One of the things these analytics has done is look at trying to predict when there will be surges in demand and make sure our staffing is appropriate for that so that when your loved one comes in next you don’t happen to come in at a bad luck time where you’re waiting an hour to get care. So that’s an example of where analytics can be used to.
Also, for example, across the country, not just at HCA, a problem out there is when people get a chest X- Ray or CAT scan for some reason or another, and in the report incidentally might be a nodule, and what we’re trying to do is use this to use natural language processing to look at all those reports and detect any nodule that somebody may not have followed up on and make sure that patient gets care earlier.
Wouldn’t you rather have a loved one be called and seen earlier and followup, detect a lung cancer earlier and survive because an algorithm was out there making sure nothing was missed anywhere?
It’s not just an HCA problem. Across the country, these followups of nodules are a major effort. So I say all this Chip to say that wherever there’s a problem where we want to improve outcomes for patients, whether that be access or detecting things earlier for intervention, that’s where we’re aiming this. And there’s a variety of different projects that are looking at opportunities for that.
Chip Kahn (12:38):
Jim, how does this technology go from the big data, from all of your data on blood gases or your data from imaging, to be used by caregivers at the bedside? Meaning, how are they using the information you are given to actually get to the doctor, get to the nurse and make the kind of difference that you’re describing like you did with sepsis?
Jim Jirjis (13:03):
That’s a great question. There’s two parts to this. One is getting the data, and we’ll talk I think in a bit about what’s happening with interoperability, hitting the data in a state where you can actually do these analytics and actually determine what I call the signal, the nudge. What do you do with the nudge? It’s like a football game, sometimes you make a pass, sometimes you run the play. And I’ll give you a couple of examples. A signal doesn’t do anything unless it’s handed to the right person at the right time to act. So we have put in place a set of scalable tools that take a signal when we in one hospital figure out how to make an intervention and get that to someone and we demonstrate we can improve care, to rapidly get that out to all of our hospitals. It’s something called Raven. It’s a communication system.
But let me tell you a story. One day, about a year ago, year and a half ago, I gave a talk saying, “If any of you have a signal that you want to get at that time, secure message to a clinician or a manager or something, we’re ready to do that, but we need ideas for how to improve care.” This doctor came up to me, he was in new CMO for one of our divisions, Sebastian Strong, and he said, “I have an idea.” He said, “I just came into this role … ” And when you’re taking care of a stroke patient Chip, it’s like a heart attack. If you come in, can’t speak, your left arm isn’t working, the longer you wait before you break up that clot that’s causing a block in the blood flow to the brain, the longer you wait, the more likely you’ll die or be paralyzed the rest of your life.

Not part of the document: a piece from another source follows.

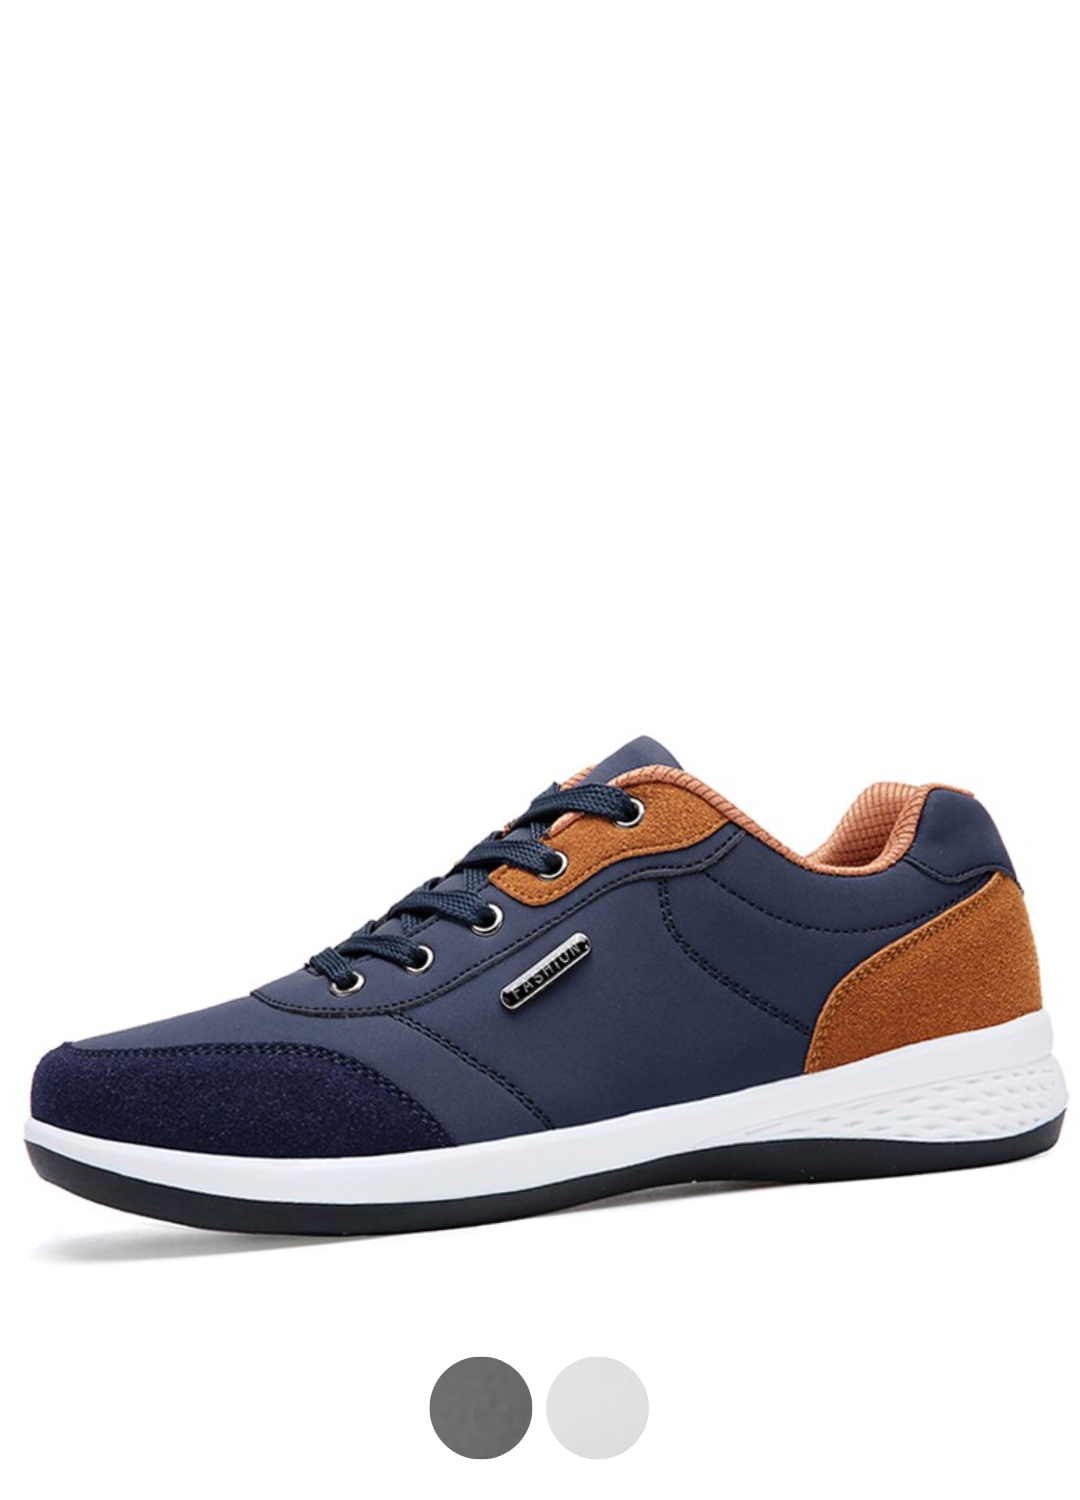 Snejider Men's Fashion Sneakers | Ultrasellershoes.com – USS® Shoes

So nationally there’s this impetus to when a patient hits the ER, within an hour, do all the CAT scans, anything you need, but within an hour have that clot-buster medicine going in your vein to dissolve the clot so that you have less chance of dying or being paralyzed.
And (inaudible 00:14:55) we measure how we do because we’re always wanting to do better. We’re doing really well in that area. But with our competitive nature, this doctor said, “I’m last in the company.” So a patient that went to one of his hospitals had a greater chance of either dying or being paralyzed than elsewhere. He wasn’t satisfied. So his idea was real time, let’s have the computer detect when the patient came to the ER, hit the ER, and when that clot-buster medicine was actually dripping in their vein, we have that, and then immediately calculate whether they were on target with the time or not. And if they were, given them an [Addagirl 00:00:15:30]. And if they weren’t, say you didn’t meet the time, do an assessment as why we’re going to be talking to you tomorrow so we can change the system to do better. That’s a simple intervention, Chip. And what happened was, in his division, he went in three months from last in the company to number two in the company and has sustained it.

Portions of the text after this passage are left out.